- **Problem**: Take the lines from the one with "Deutschland Stock Photo" to the end of the listing, both ends included, and quote them exactly, leaving pictures out.

### Recorded information ###

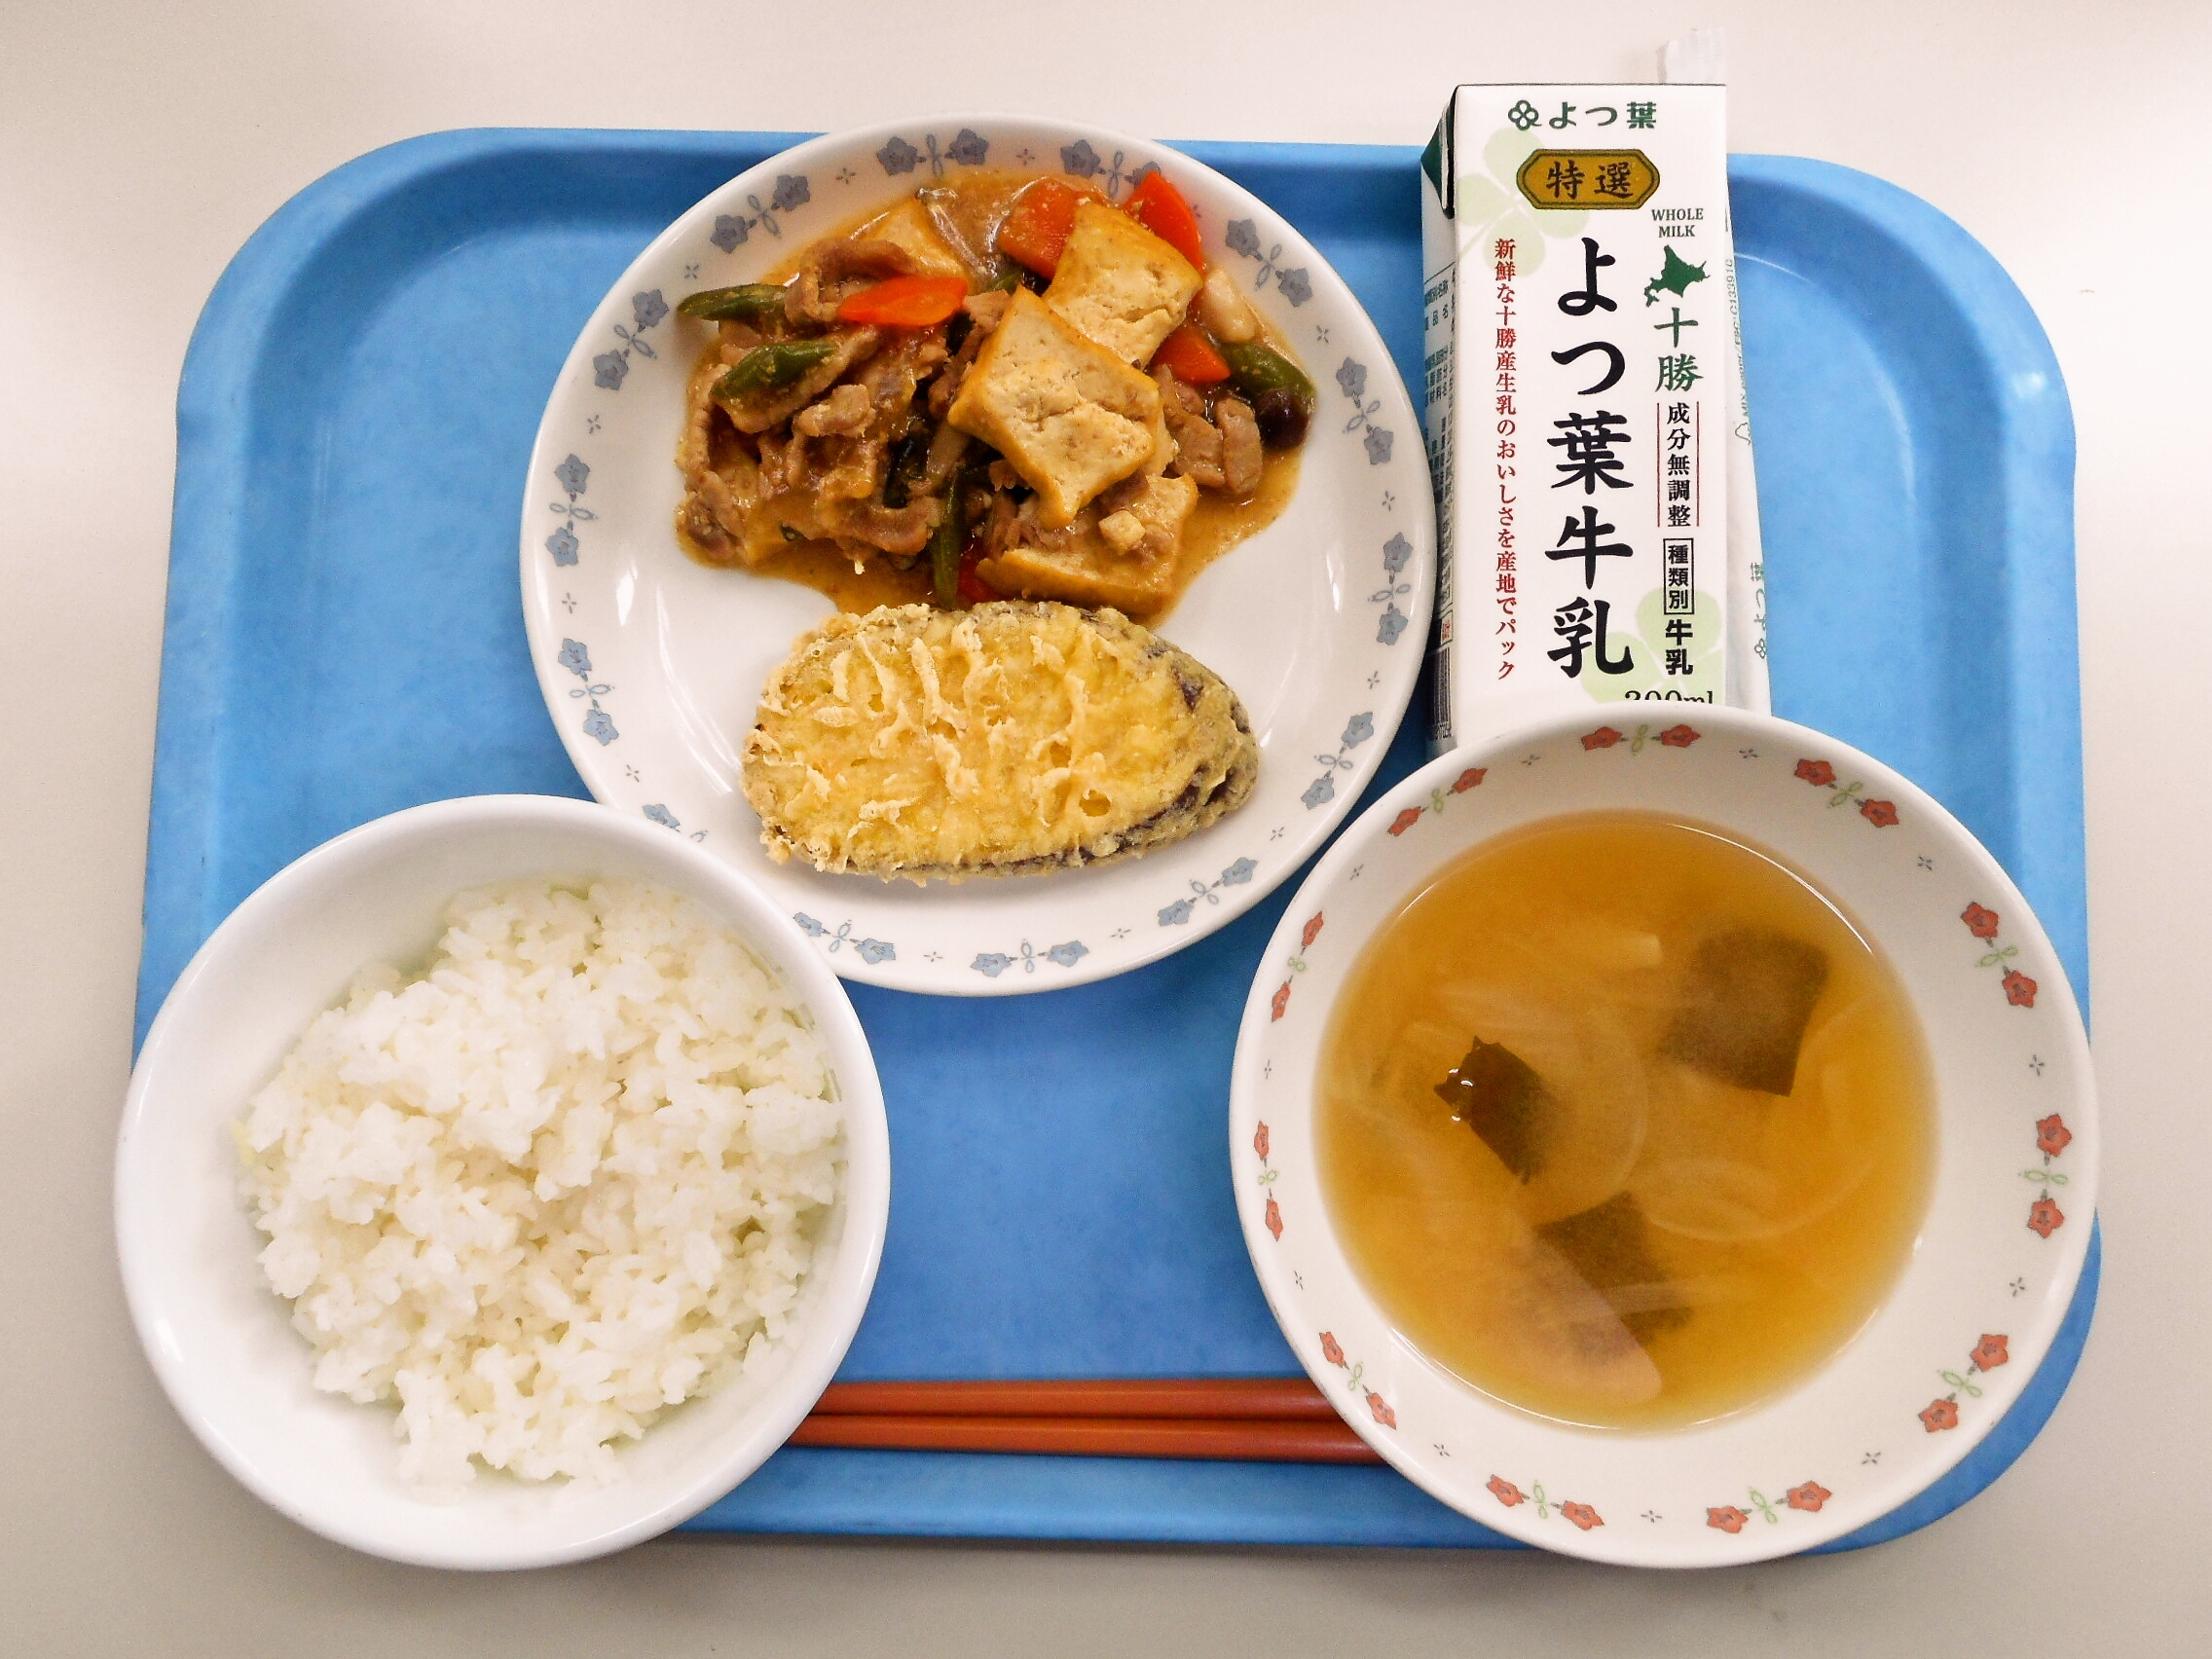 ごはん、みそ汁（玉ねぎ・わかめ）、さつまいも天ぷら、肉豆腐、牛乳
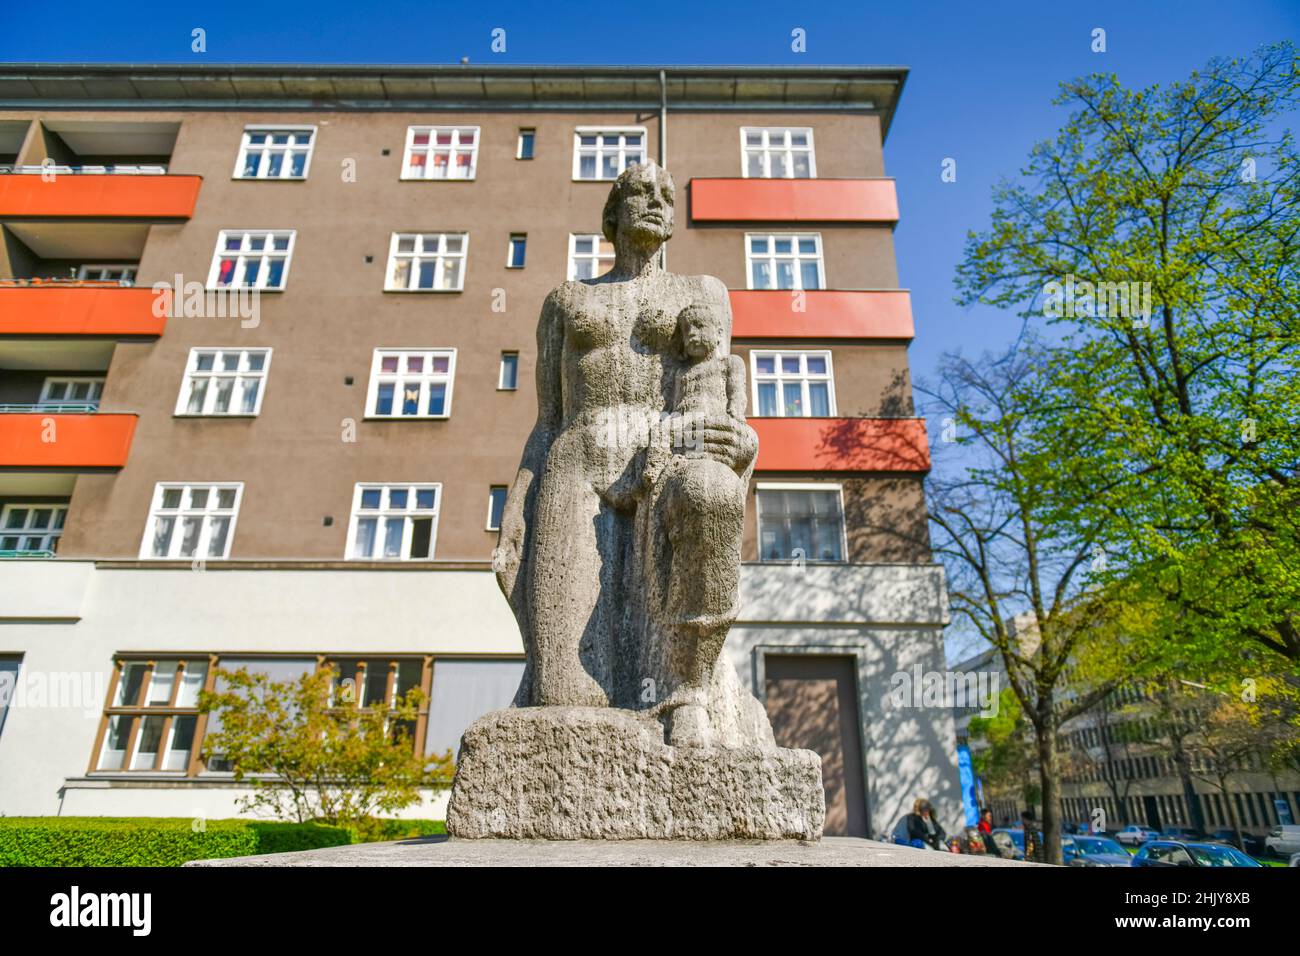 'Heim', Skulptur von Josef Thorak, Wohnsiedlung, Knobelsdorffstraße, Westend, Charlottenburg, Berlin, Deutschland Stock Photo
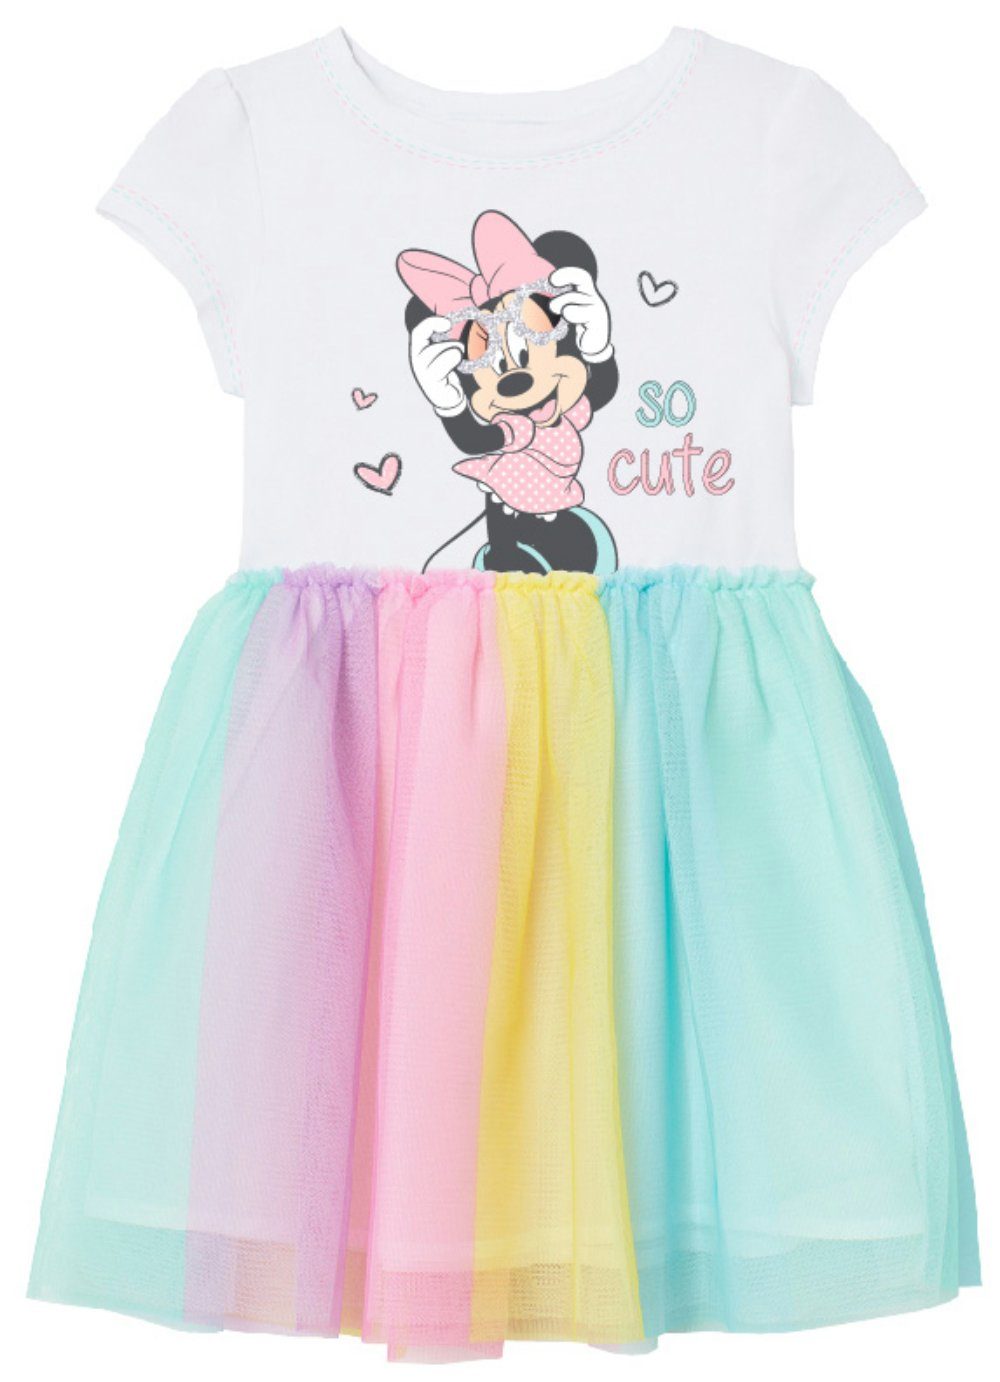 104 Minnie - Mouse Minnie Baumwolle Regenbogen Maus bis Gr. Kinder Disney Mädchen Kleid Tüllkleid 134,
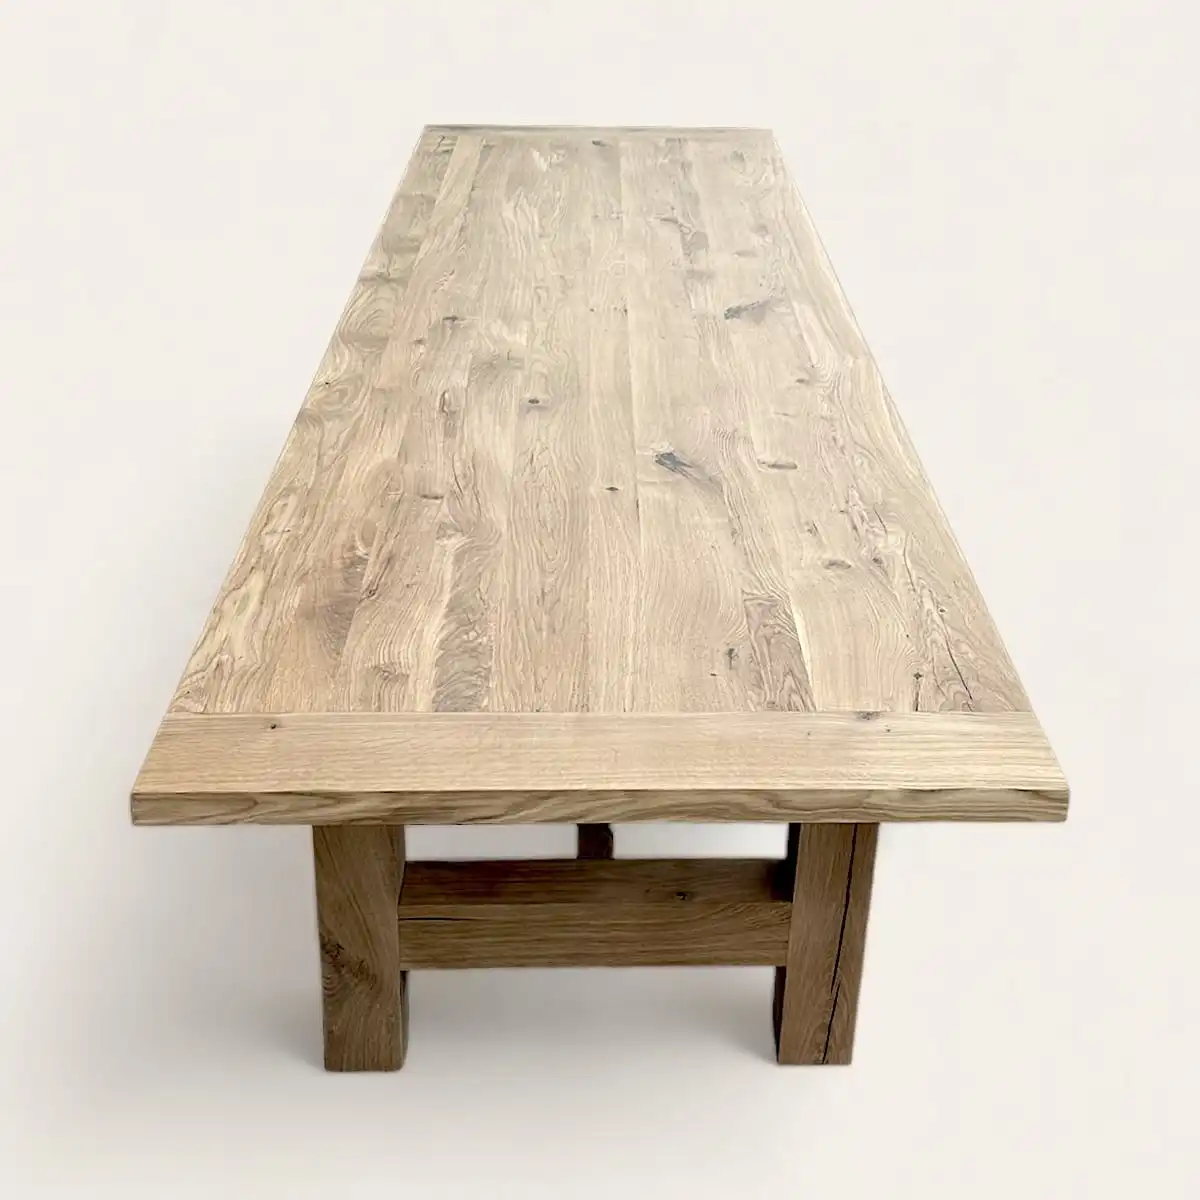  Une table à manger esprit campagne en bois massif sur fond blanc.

###

- **Task result**:
 'Heim', Skulptur von Josef Thorak, Wohnsiedlung, Knobelsdorffstraße, Westend, Charlottenburg, Berlin, Deutschland Stock Photo
 104 Minnie - Mouse Minnie Baumwolle Regenbogen Maus bis Gr. Kinder Disney Mädchen Kleid Tüllkleid 134,
  Une table à manger esprit campagne en bois massif sur fond blanc.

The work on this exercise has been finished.